**SUPPLIED RECORDS**
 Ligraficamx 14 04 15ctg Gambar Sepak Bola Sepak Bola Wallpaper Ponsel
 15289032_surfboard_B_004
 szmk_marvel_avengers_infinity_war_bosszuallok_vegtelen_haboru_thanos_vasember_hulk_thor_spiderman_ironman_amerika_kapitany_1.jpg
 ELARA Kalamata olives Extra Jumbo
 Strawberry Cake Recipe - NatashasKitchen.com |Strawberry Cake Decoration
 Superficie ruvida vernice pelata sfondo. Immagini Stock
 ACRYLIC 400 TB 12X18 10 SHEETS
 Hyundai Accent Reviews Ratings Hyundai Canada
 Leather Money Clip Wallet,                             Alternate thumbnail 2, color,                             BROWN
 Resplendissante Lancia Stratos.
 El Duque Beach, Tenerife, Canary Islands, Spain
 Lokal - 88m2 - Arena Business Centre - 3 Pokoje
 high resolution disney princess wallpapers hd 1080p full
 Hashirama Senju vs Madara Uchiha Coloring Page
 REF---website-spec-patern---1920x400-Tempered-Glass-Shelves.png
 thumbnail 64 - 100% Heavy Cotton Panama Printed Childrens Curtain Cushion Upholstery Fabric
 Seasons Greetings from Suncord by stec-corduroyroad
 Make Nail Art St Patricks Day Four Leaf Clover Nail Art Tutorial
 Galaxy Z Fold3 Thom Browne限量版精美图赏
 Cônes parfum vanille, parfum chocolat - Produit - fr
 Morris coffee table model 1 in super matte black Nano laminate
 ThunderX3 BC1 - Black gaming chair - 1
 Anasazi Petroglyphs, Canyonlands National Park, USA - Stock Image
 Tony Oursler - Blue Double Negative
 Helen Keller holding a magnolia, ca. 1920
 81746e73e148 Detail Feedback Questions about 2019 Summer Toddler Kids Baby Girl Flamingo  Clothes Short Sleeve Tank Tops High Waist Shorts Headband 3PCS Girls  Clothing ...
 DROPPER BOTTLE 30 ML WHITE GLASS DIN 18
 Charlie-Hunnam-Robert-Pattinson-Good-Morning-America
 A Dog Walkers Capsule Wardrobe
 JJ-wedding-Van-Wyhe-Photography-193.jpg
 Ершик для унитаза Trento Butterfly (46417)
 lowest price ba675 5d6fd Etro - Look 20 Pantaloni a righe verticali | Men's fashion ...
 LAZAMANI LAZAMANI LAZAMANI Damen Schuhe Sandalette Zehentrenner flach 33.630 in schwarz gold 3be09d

**WHAT TO WORK ON**
Copy every line from the material in which the word "thumbnail" can be found.

**OUTPUT OF THE EXERCISE**
 Leather Money Clip Wallet,                             Alternate thumbnail 2, color,                             BROWN
 thumbnail 64 - 100% Heavy Cotton Panama Printed Childrens Curtain Cushion Upholstery Fabric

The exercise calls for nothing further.